Vector Database Retrieval
Purpose
Vector databases enable semantic similarity search over dense embeddings. This note covers the two most commonly used options — FAISS (pure-speed, CPU/GPU, no metadata) and Chroma (metadata filtering, persistent, developer-friendly) — and explains when to use each, index type selection, batch upsert, and k-NN query patterns.
Examples
FAISS: In-memory ANN index for a static 10M-vector embedding cache where query speed is the only concern and there are no metadata filters.
Chroma: Hybrid search over a document Q&A corpus where you need to filter by source, date, or category alongside semantic similarity.
Architecture
Text / image / audio
↓
Embedding model (produces dense vector)
↓
┌────────────────────┬──────────────────────────┐
│ FAISS │ Chroma │
│ pure ANN search │ vector + metadata filter │
│ in-memory/mmap │ persistent, HTTP server │
│ no persistence │ with SDK │
└────────────────────┴──────────────────────────┘
↓ ↓
k nearest vectors top-k + filtered results
FAISS — Index Types and Basic Search
pip install faiss-cpu # CPU
pip install faiss-gpu # NVIDIA GPUimport faiss
import numpy as np
d = 384 # embedding dimension (e.g., all-MiniLM-L6-v2)
n = 100_000 # number of vectors
# Generate random embeddings (replace with real vectors)
np.random.seed(42)
vectors = np.random.randn(n, d).astype("float32")

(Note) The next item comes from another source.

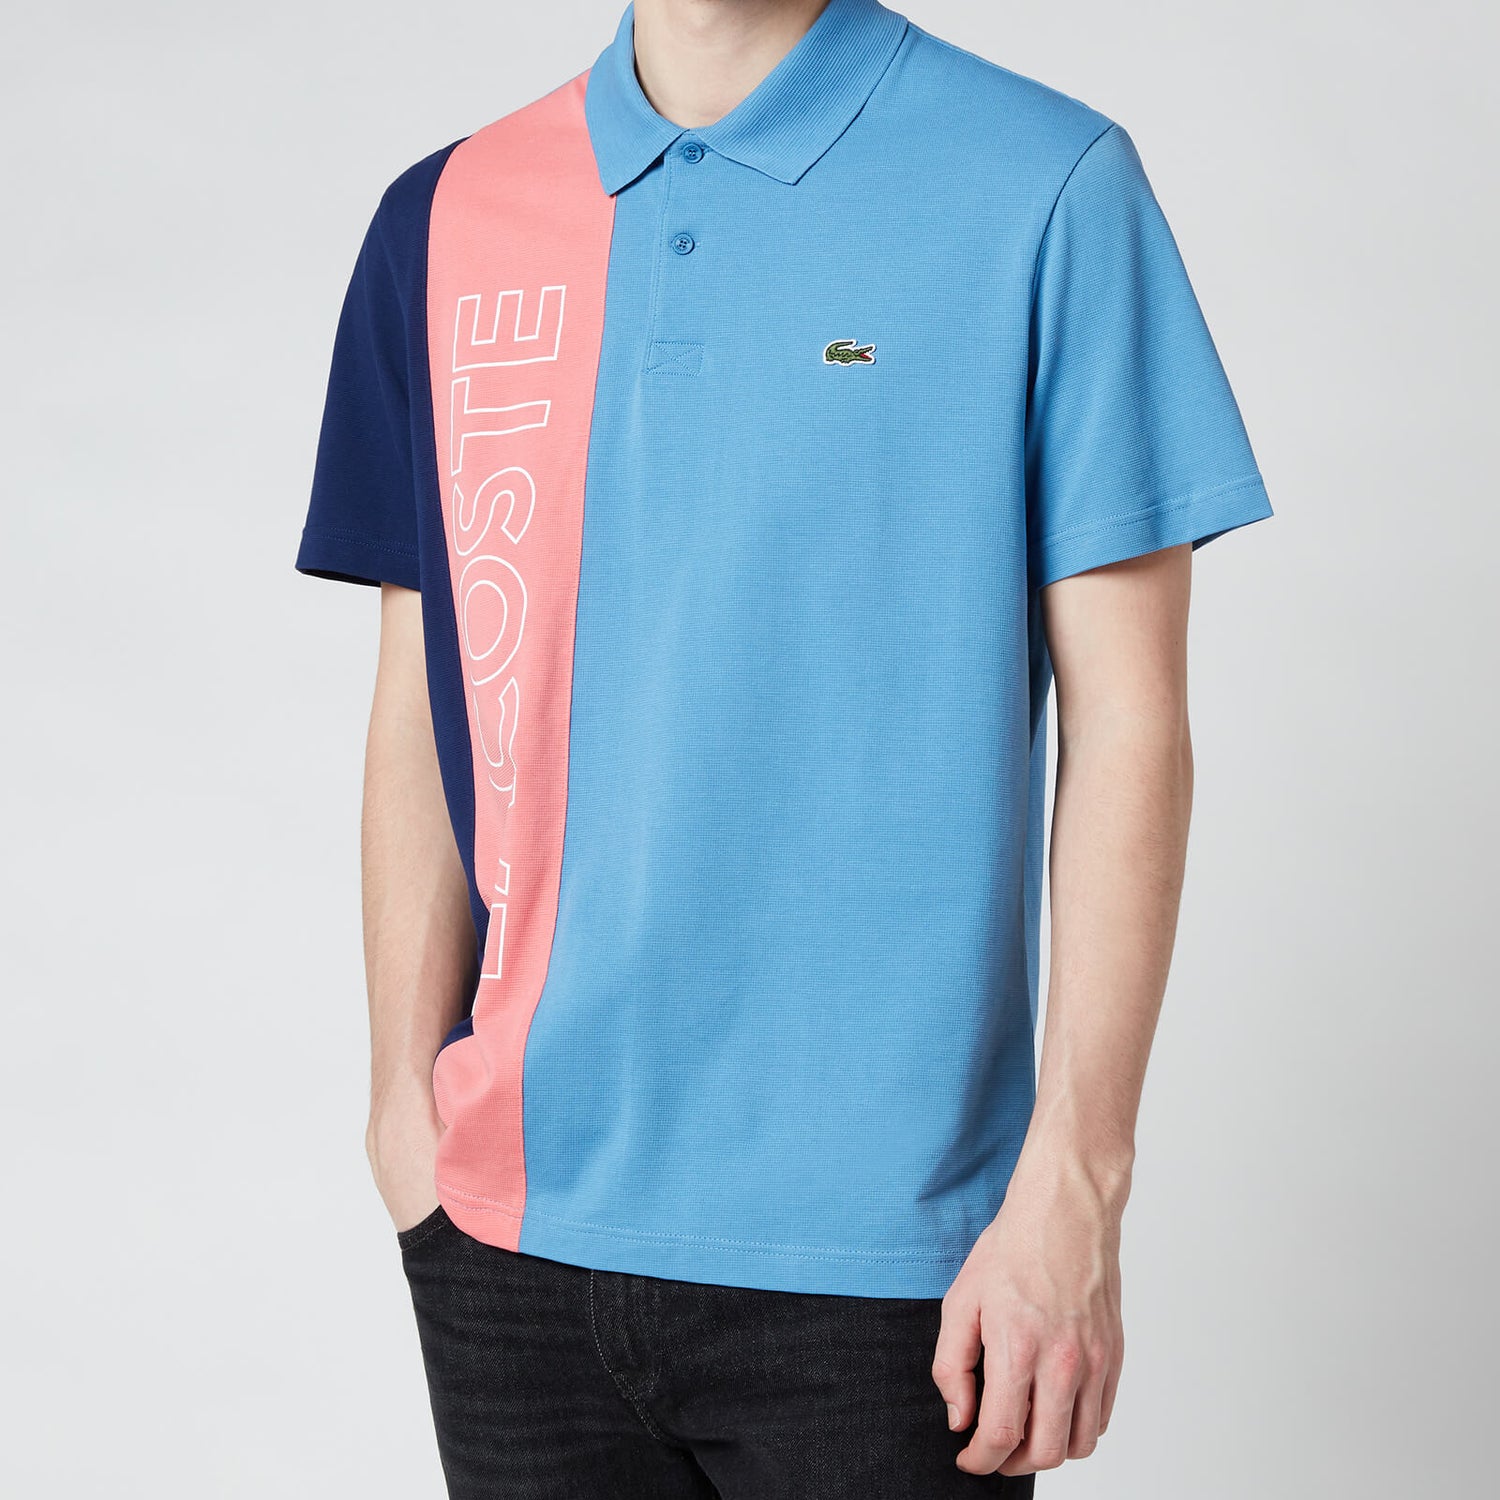 Lacoste Men's Vertical Colourblock Polo Shirt - Turquin Blue/Amaryllis

faiss.normalize_L2(vectors) # required for cosine similarity with IndexFlatIP
# --- Flat index (exact search — ground truth, small datasets) ---
index_flat = faiss.IndexFlatIP(d) # Inner product = cosine after L2 normalisation
index_flat.add(vectors)
print(f"Index size: {index_flat.ntotal}")
# Query
query = np.random.randn(1, d).astype("float32")
faiss.normalize_L2(query)
D, I = index_flat.search(query, k=5)
print("Top-5 indices:", I[0], "Scores:", D[0])FAISS — IVF Index (Scale to Millions)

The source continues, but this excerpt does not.